**TASK DETAILS**
Exact copy, no pictures: return only the lines below from the line with "Square Glass Dining Room Table For 8" up to and including the line with "Large Shield Harry".

**GIVEN RECORDS**
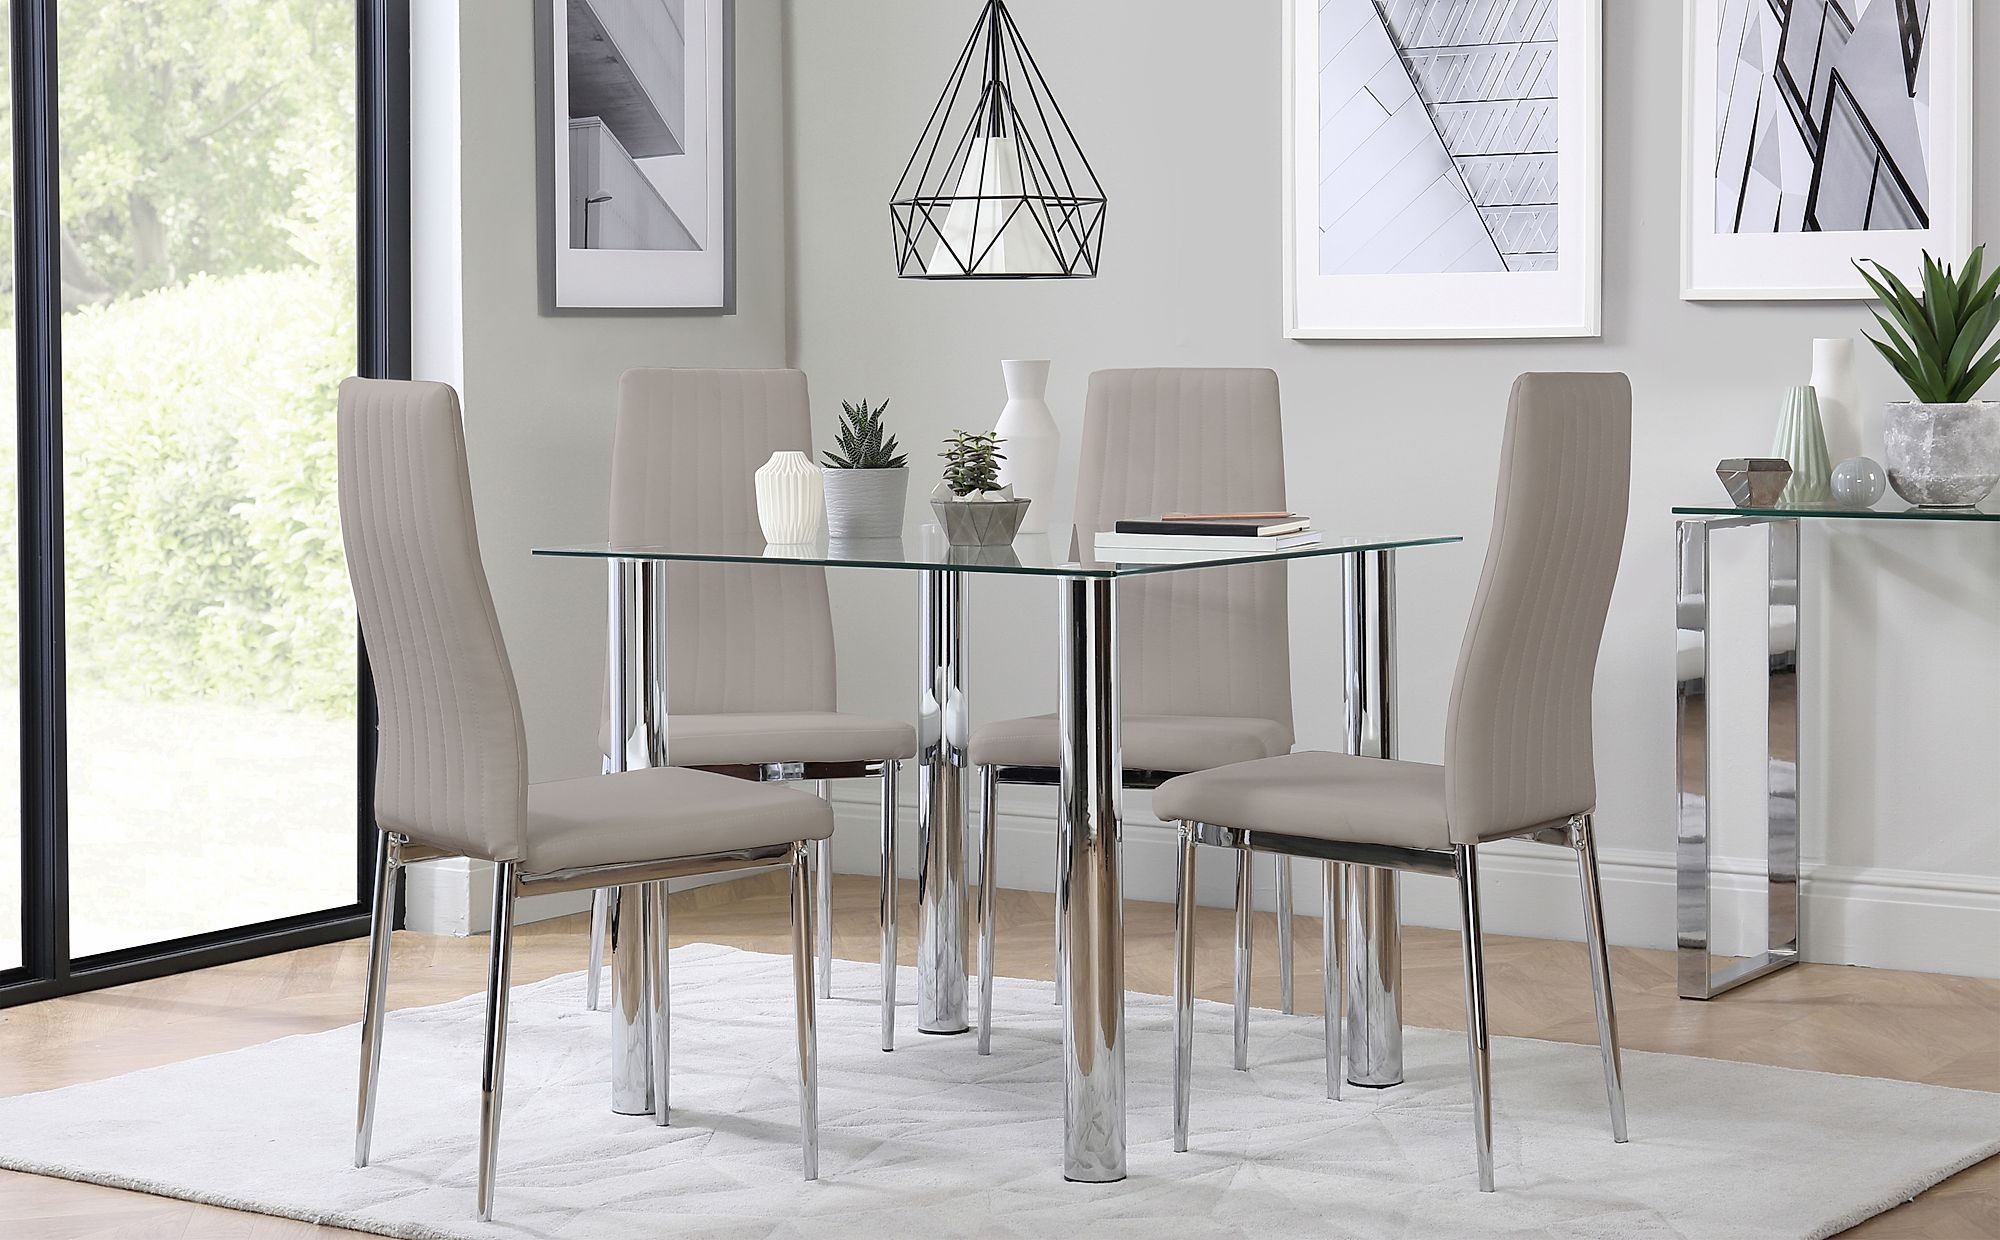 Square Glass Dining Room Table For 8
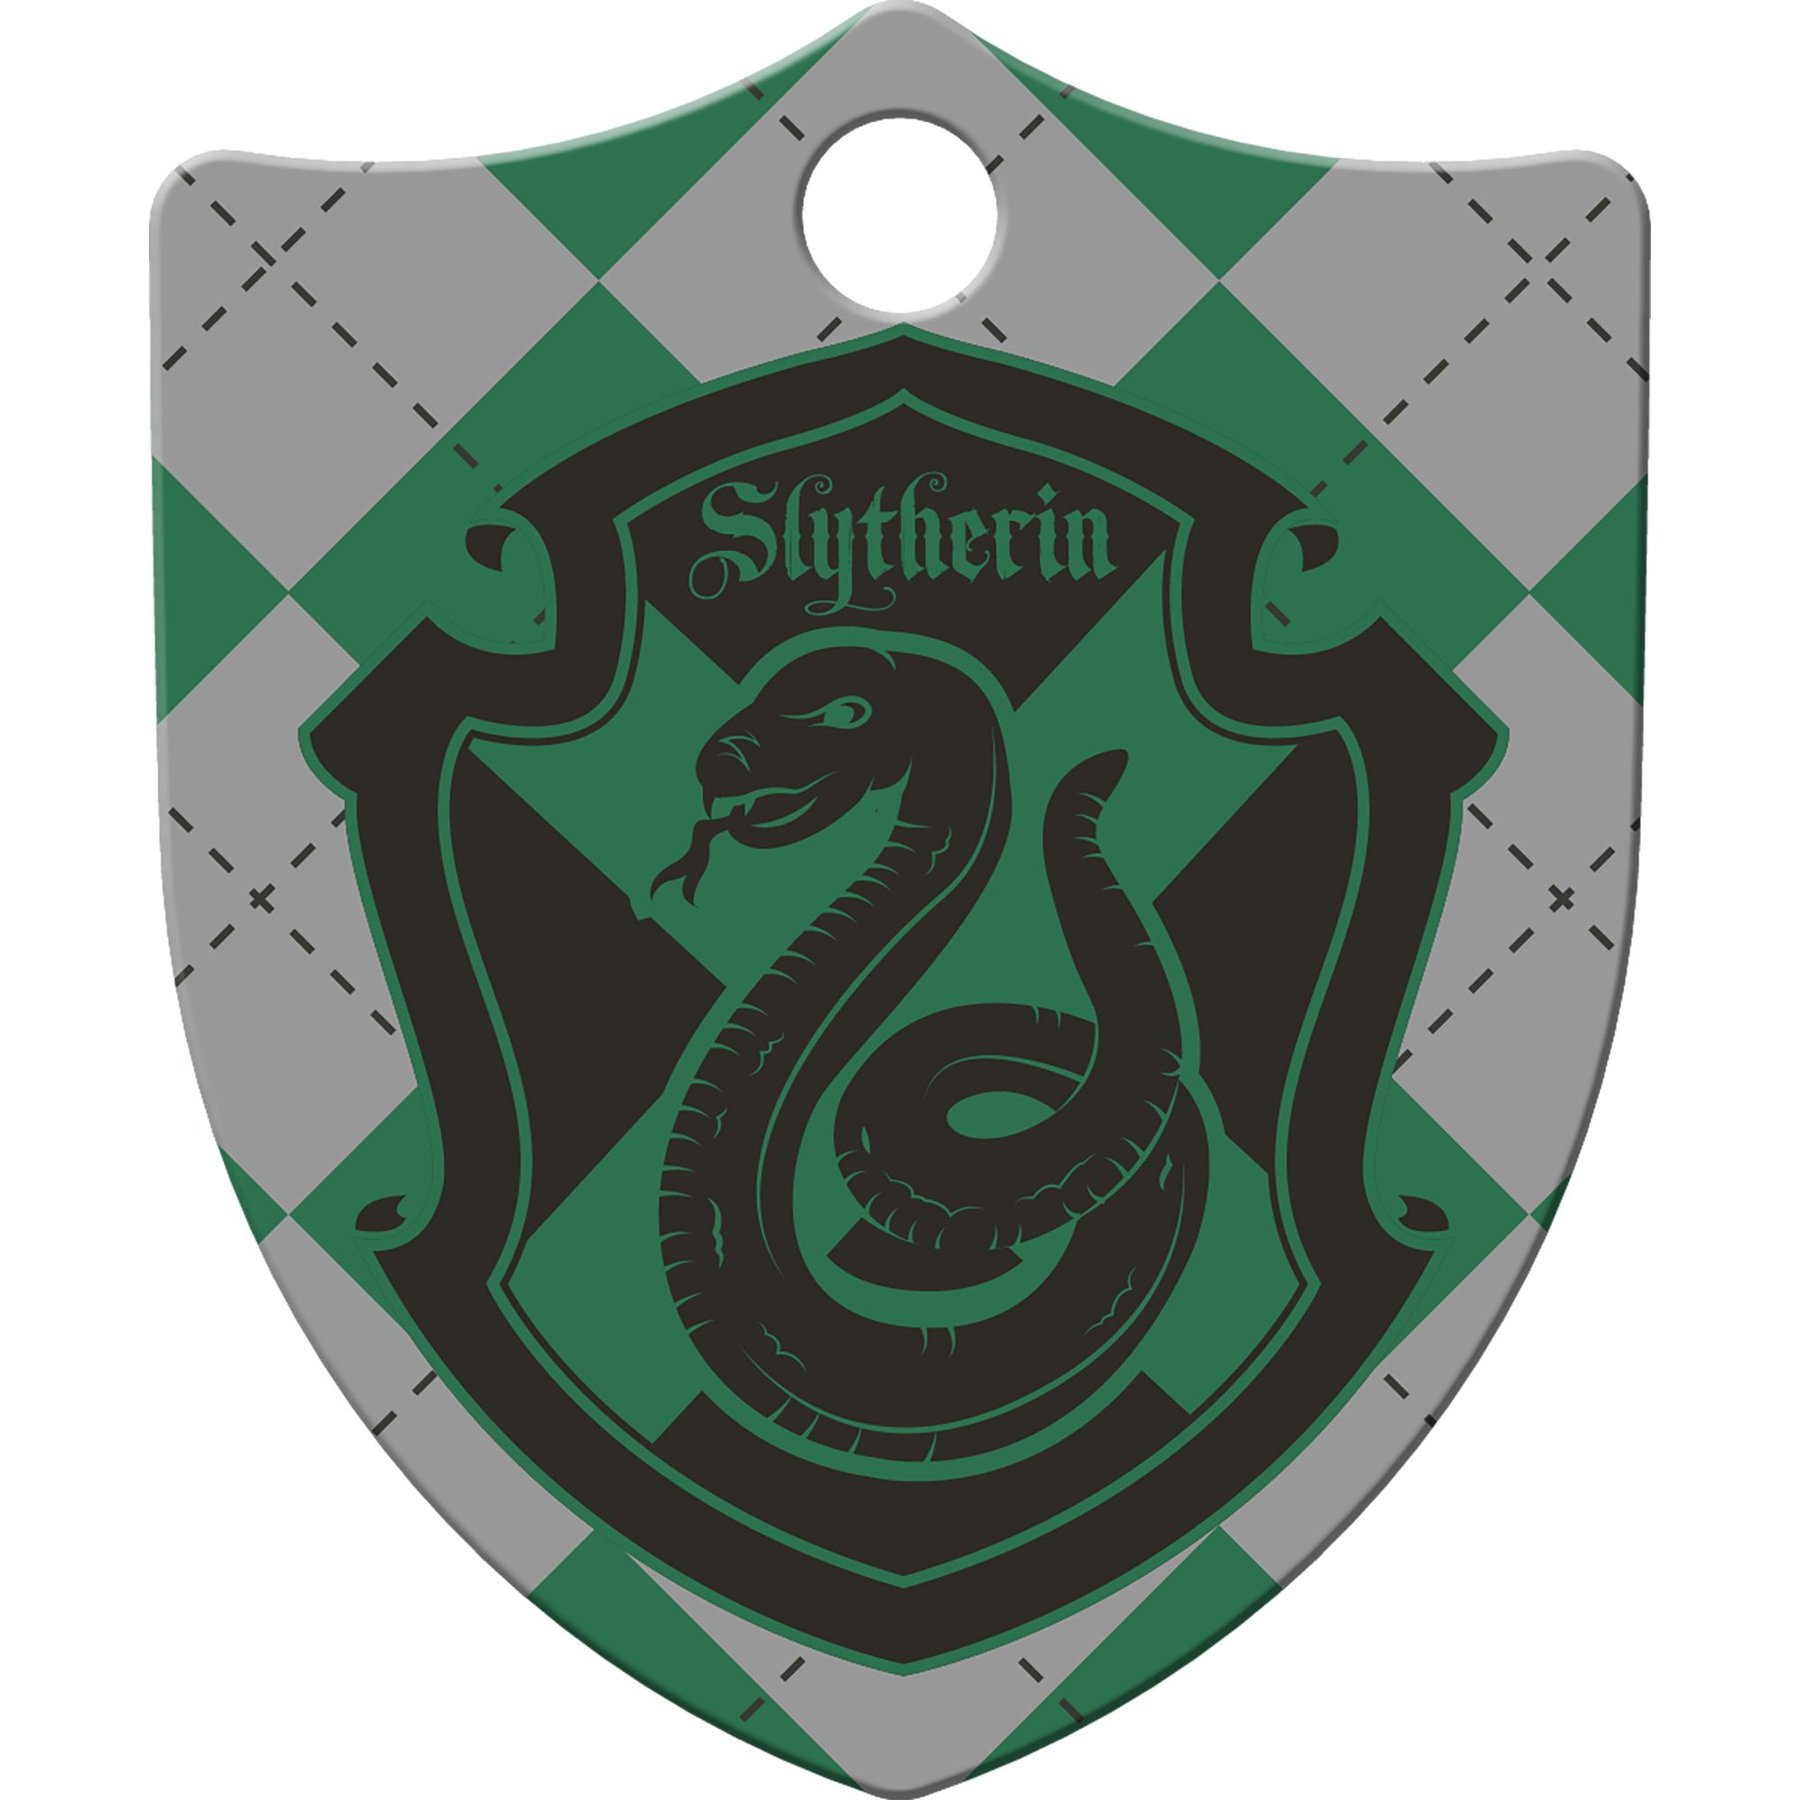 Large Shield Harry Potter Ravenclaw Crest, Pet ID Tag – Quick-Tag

---

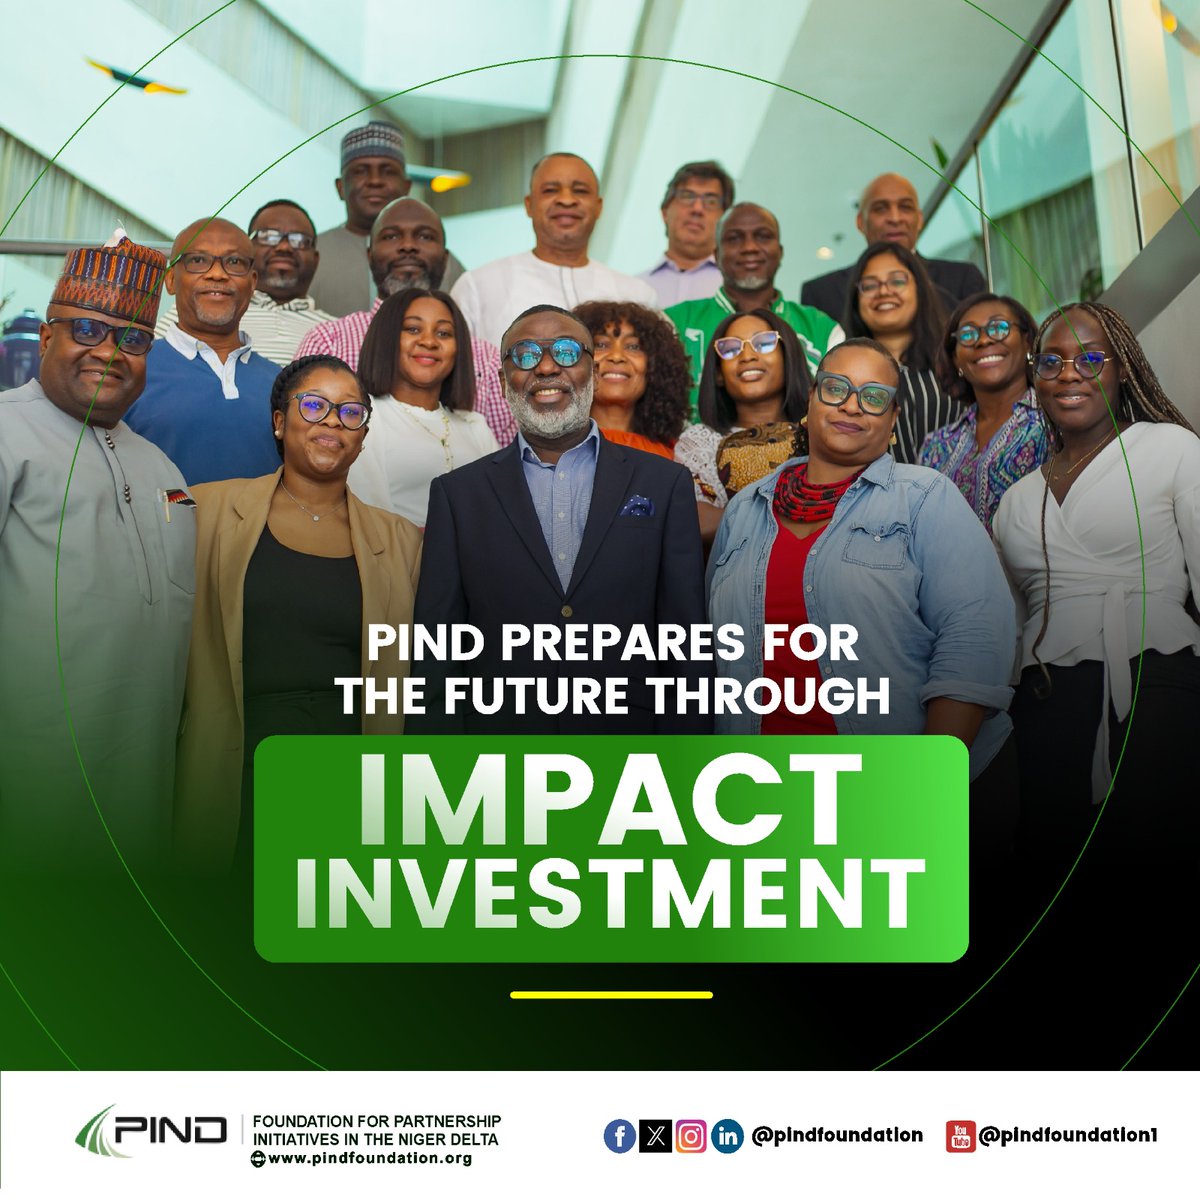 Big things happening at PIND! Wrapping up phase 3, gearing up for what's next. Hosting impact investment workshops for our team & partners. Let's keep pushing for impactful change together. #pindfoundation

**ANSWER**
 Square Glass Dining Room Table For 8
 Large Shield Harry Potter Ravenclaw Crest, Pet ID Tag – Quick-Tag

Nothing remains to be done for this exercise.